When you use this specific corpus in your research or technology
development, we ask that you reference the corpus using this
publication:

 Shah, V., von Weltin, E., Lopez. S., McHugh, J., Veloso, L.,
 Golmohammadi, M., Obeid, I., and Picone, J. (2018). The Temple University
 Hospital Seizure Detection Corpus. Frontiers in Neuroinformatics. 12:83.
 doi: 10.3389/fninf.2018.00083

This publication can be retrieved from:

https://www.isip.piconepress.com/publications/journals_refereed/2018/frontiers_neuroscience/tuh_eeg_seizure

Our preferred reference for the TUH EEG Corpus, from which this
seizure corpus was derived, is:

 Obeid, I., & Picone, J. (2018). The Temple University Hospital EEG Data
 Corpus. In Augmentation of Brain Function: Facts, Fiction and Controversy.
 Volume I: Brain-Machine Interfaces (1st ed., pp. 394–398). Lausanne,
 Switzerland: Frontiers Media S.A.

The data in this release was based on v2.0.3 of the TUH EEG Corpus.

There are three main directories in this release: train, dev and eval. 
The train directory contains data you are allowed to use for the
development of your technology. The dev data is disjoint from the
training set and should only be used for testing. Eval is a blind evaluation
set - you should never optimize parameters on this set.

The top-level directories: edf/dev, edf/eval and edf/train.
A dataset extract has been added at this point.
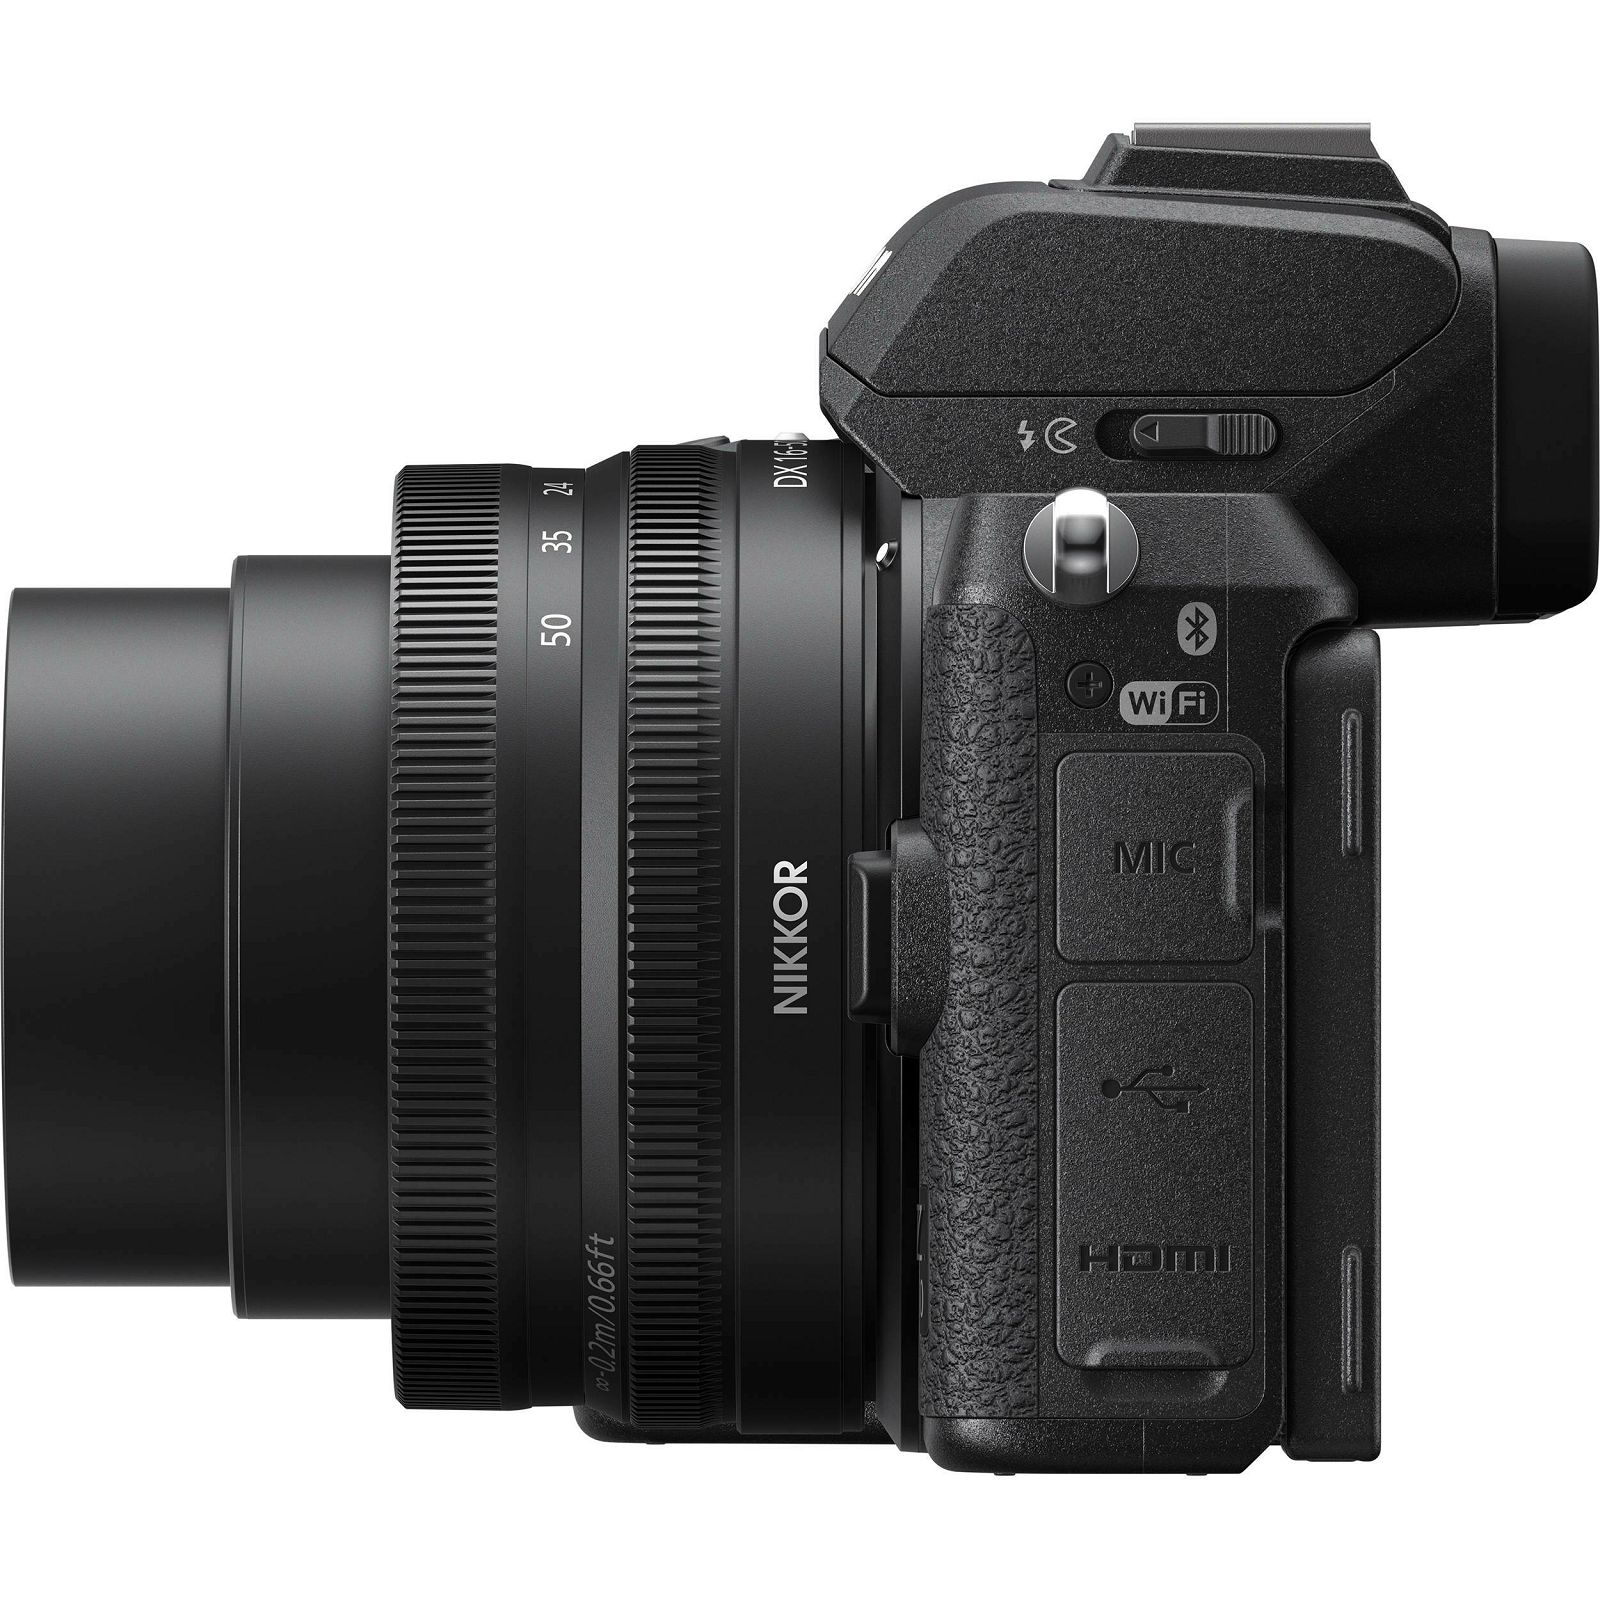 Nikon Z50 + Z 16-50mm f/3.5-6.3 VR DX + FTZ Adapter KIT Mirrorless Digital Camera bezrcalni digitalni fotoaparat tijelo s objektivom i adapterom (VOA050K004)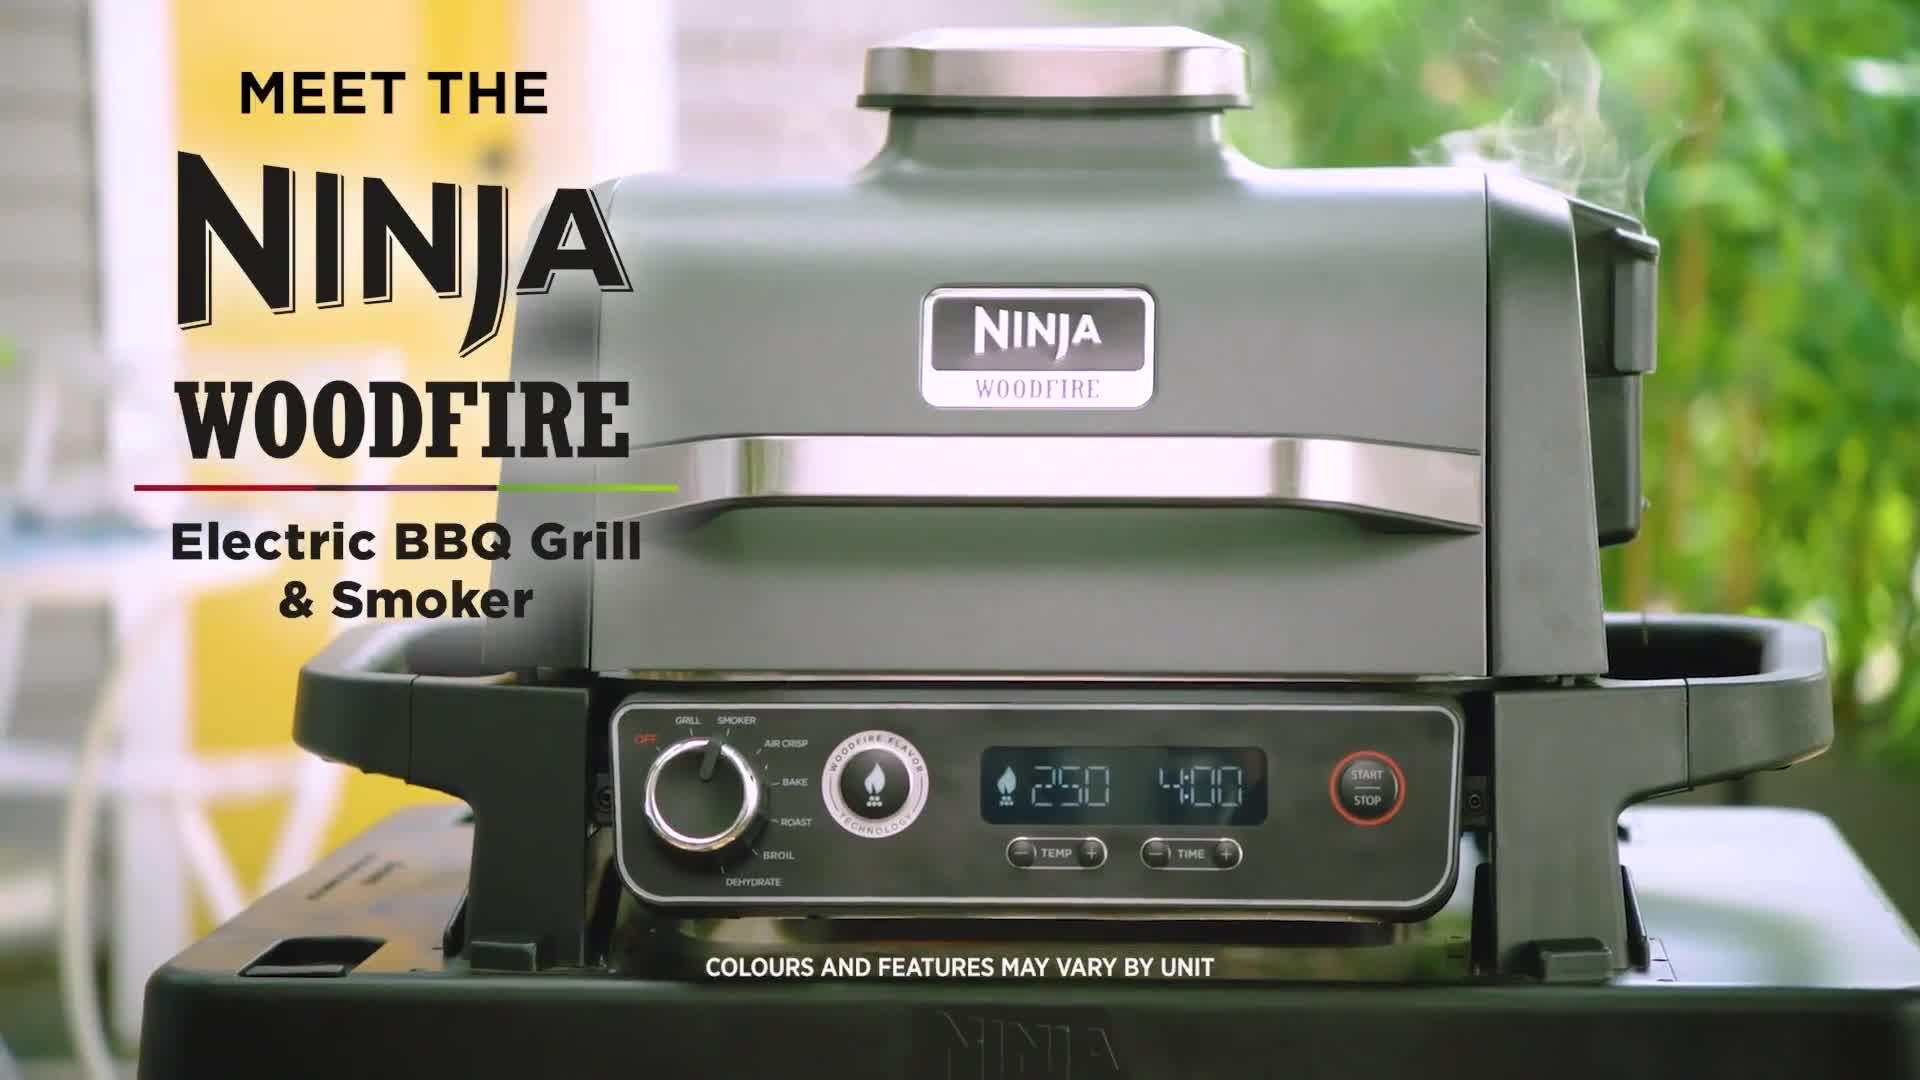 VoucherCodes on X: Fancy winning the new 10.4L Ninja Air Fryer in

Please see
the documentation for TUH EEG v2.0.3 to understand how the data is
structured.

There are three types of files in this release (older formats have
been obsoleted):

 *.edf:    the EEG sampled data in European Data Format (edf)
 *.csv:    event-based annotations using all available seizure type classes
 *.csv_bi: term-based annotations using only two labels (bckg and seiz)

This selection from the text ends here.